Top of Exercise data
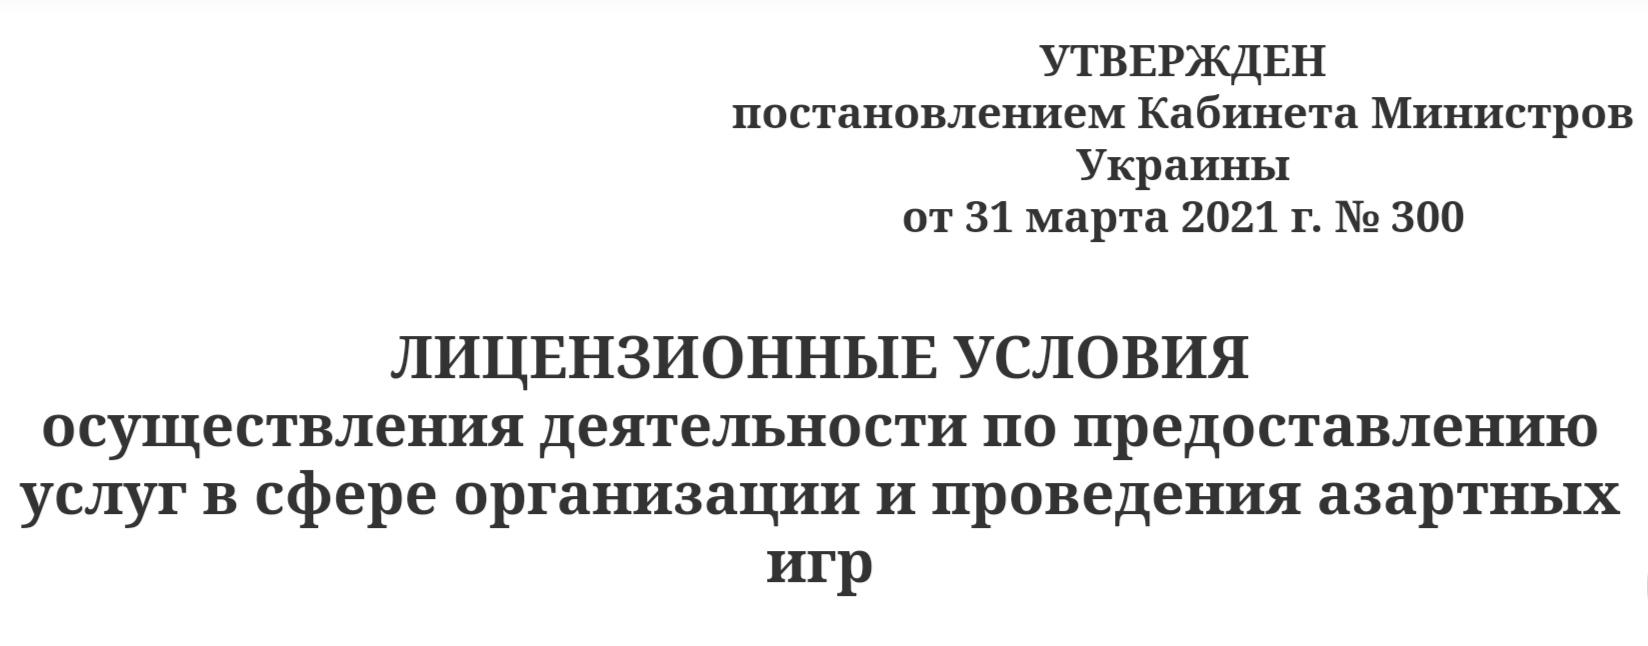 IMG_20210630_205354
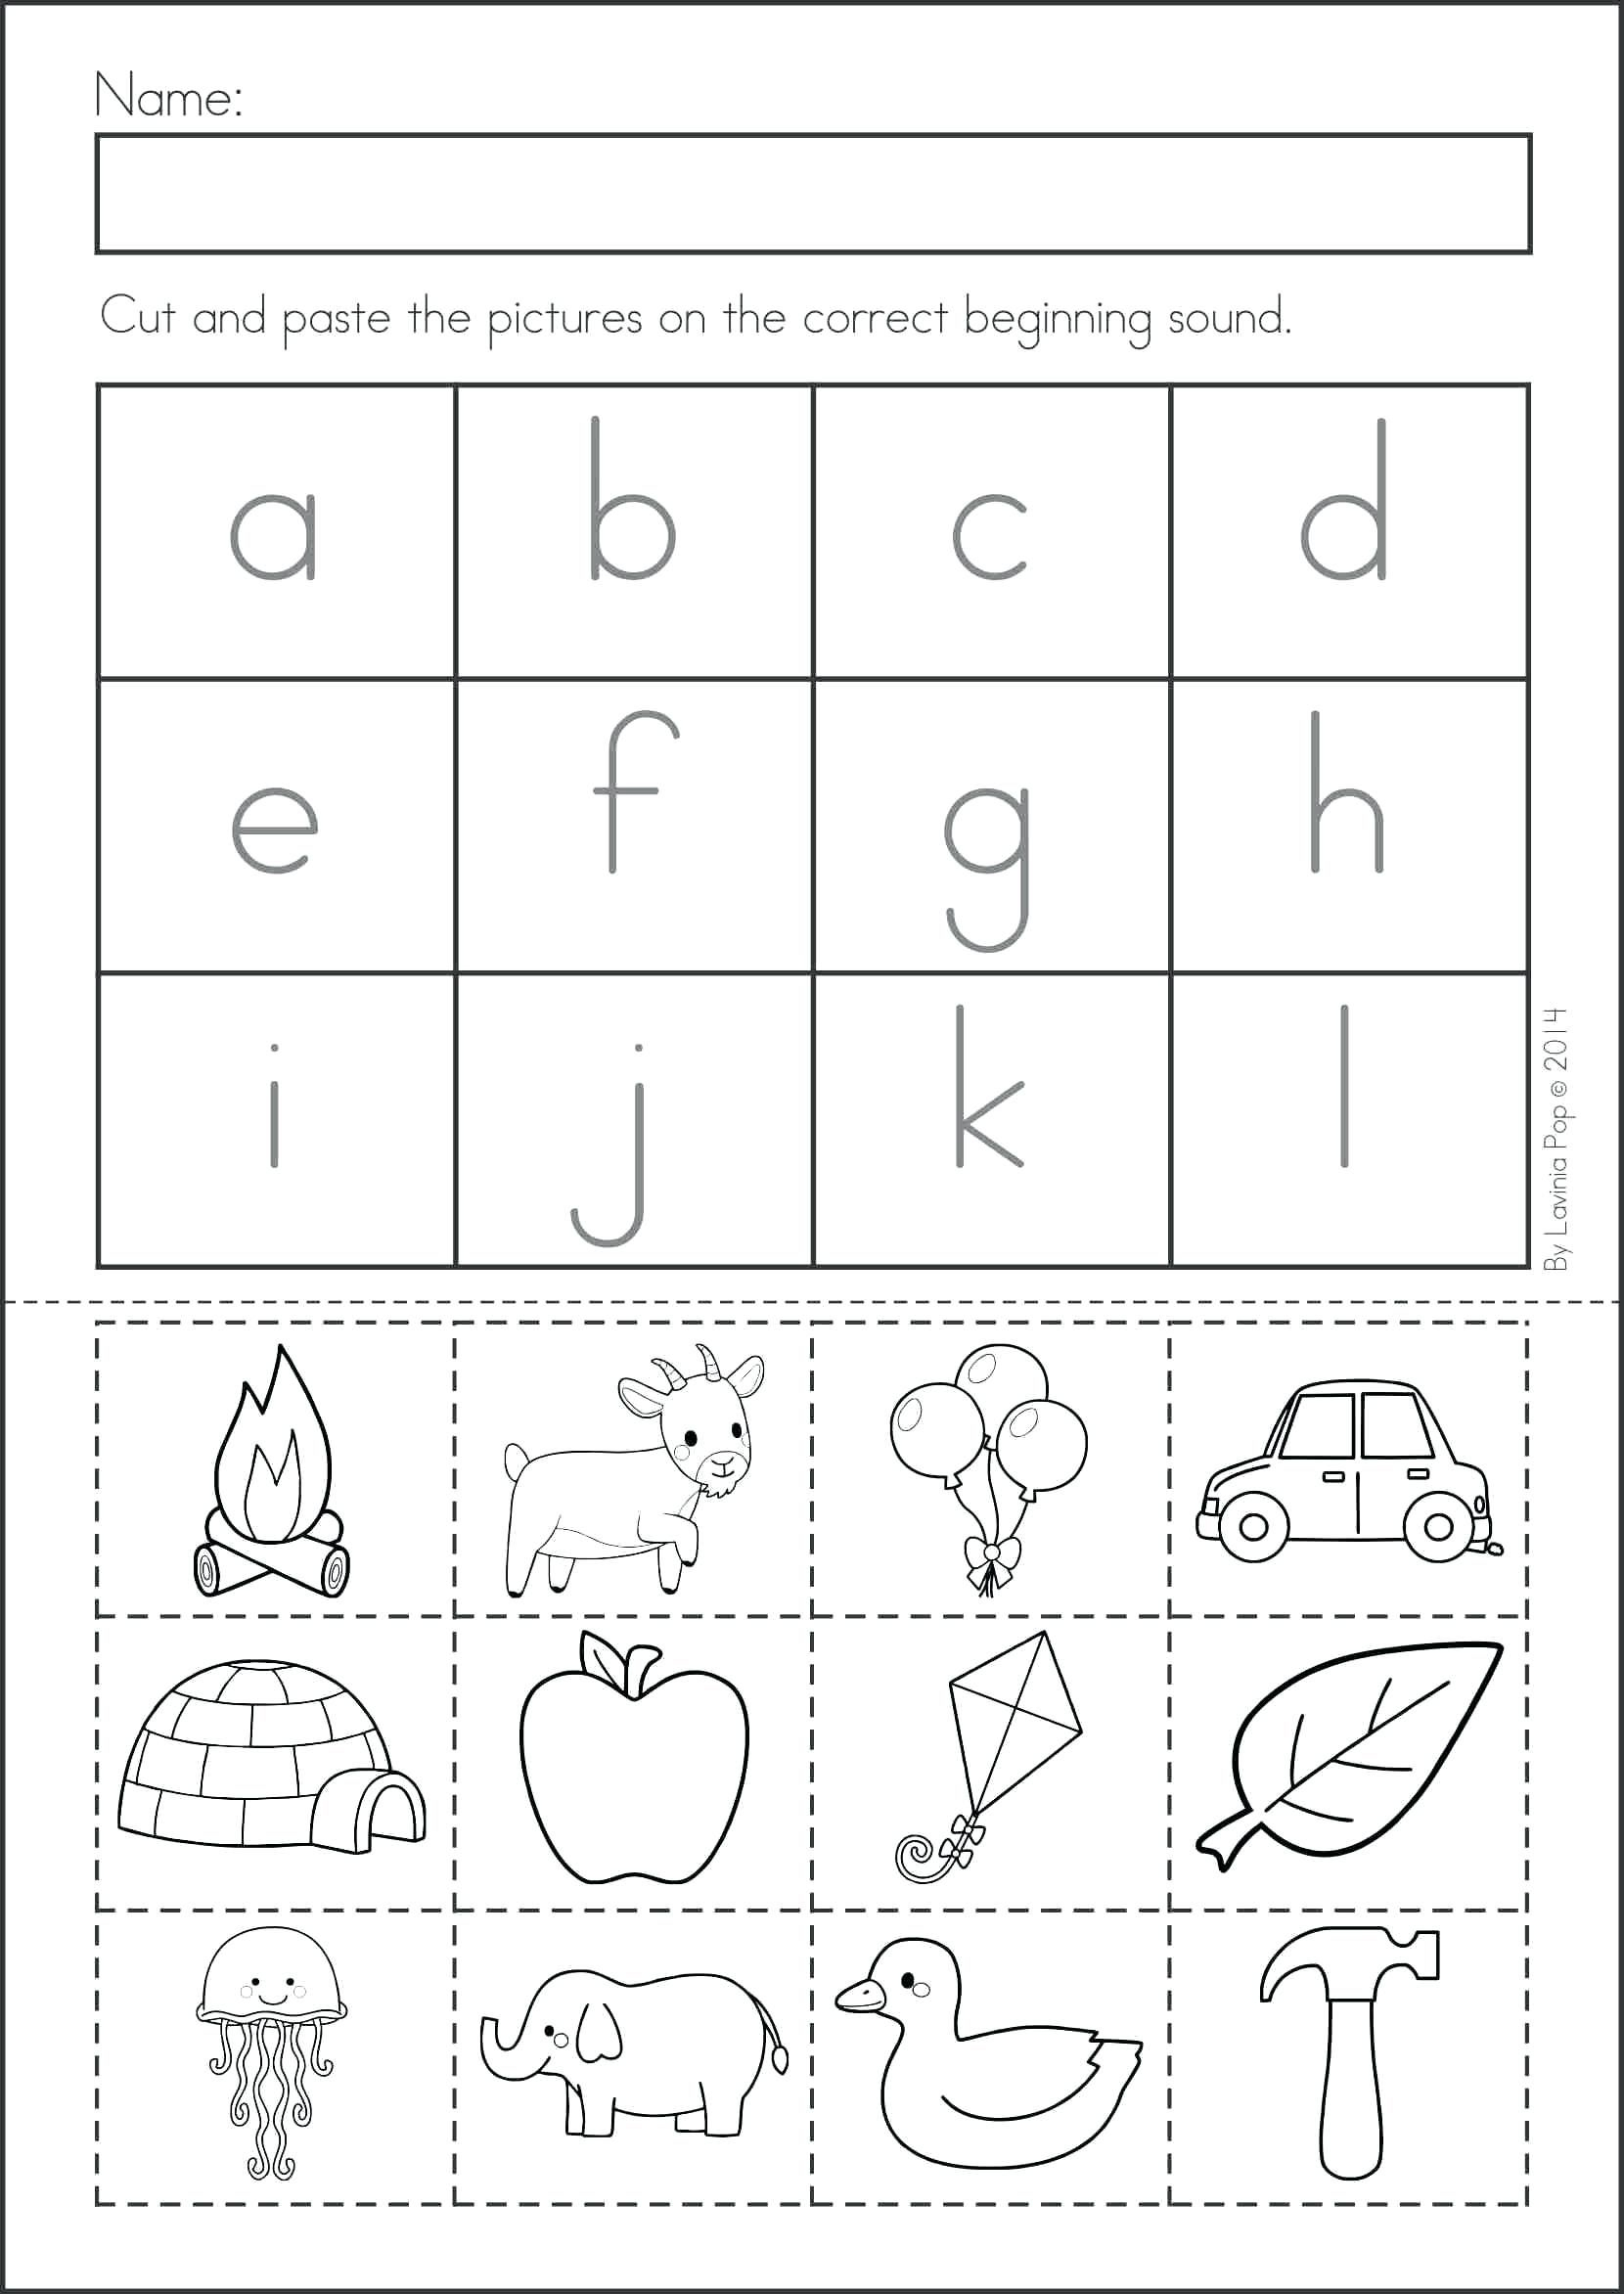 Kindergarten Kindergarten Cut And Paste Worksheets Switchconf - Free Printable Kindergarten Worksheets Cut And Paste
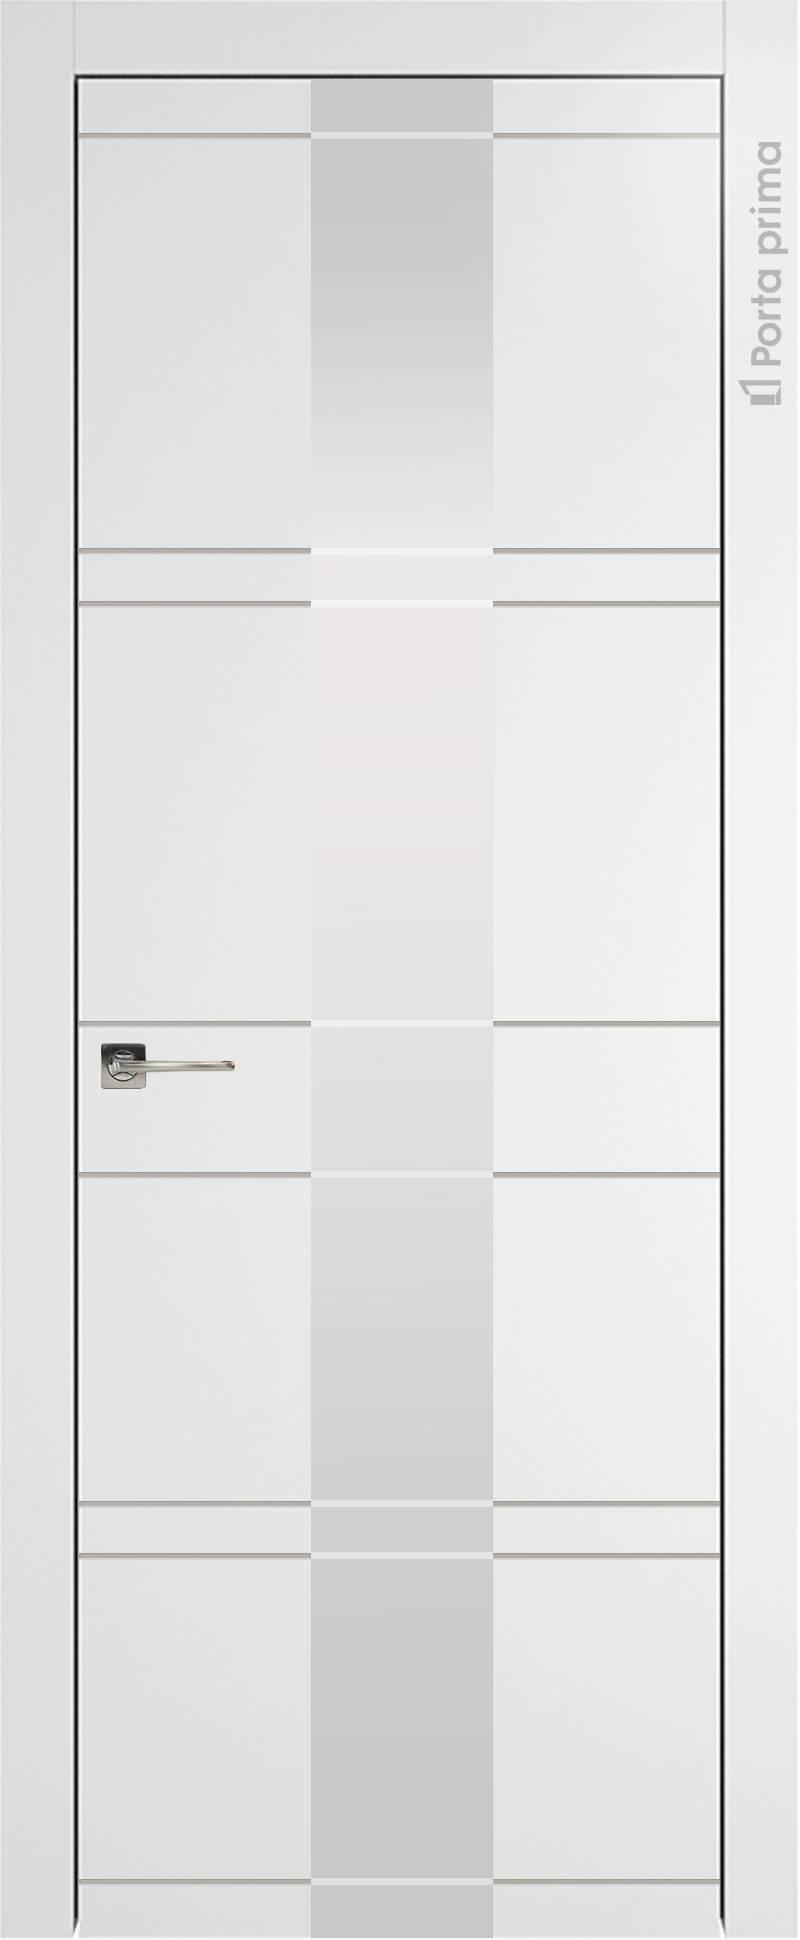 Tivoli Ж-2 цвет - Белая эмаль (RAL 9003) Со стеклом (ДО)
Bottom of Exercise data
• Task description: With images omitted, retype the data word for word.

• Reply to the exercise:
 IMG_20210630_205354
 Kindergarten Kindergarten Cut And Paste Worksheets Switchconf - Free Printable Kindergarten Worksheets Cut And Paste
 Tivoli Ж-2 цвет - Белая эмаль (RAL 9003) Со стеклом (ДО)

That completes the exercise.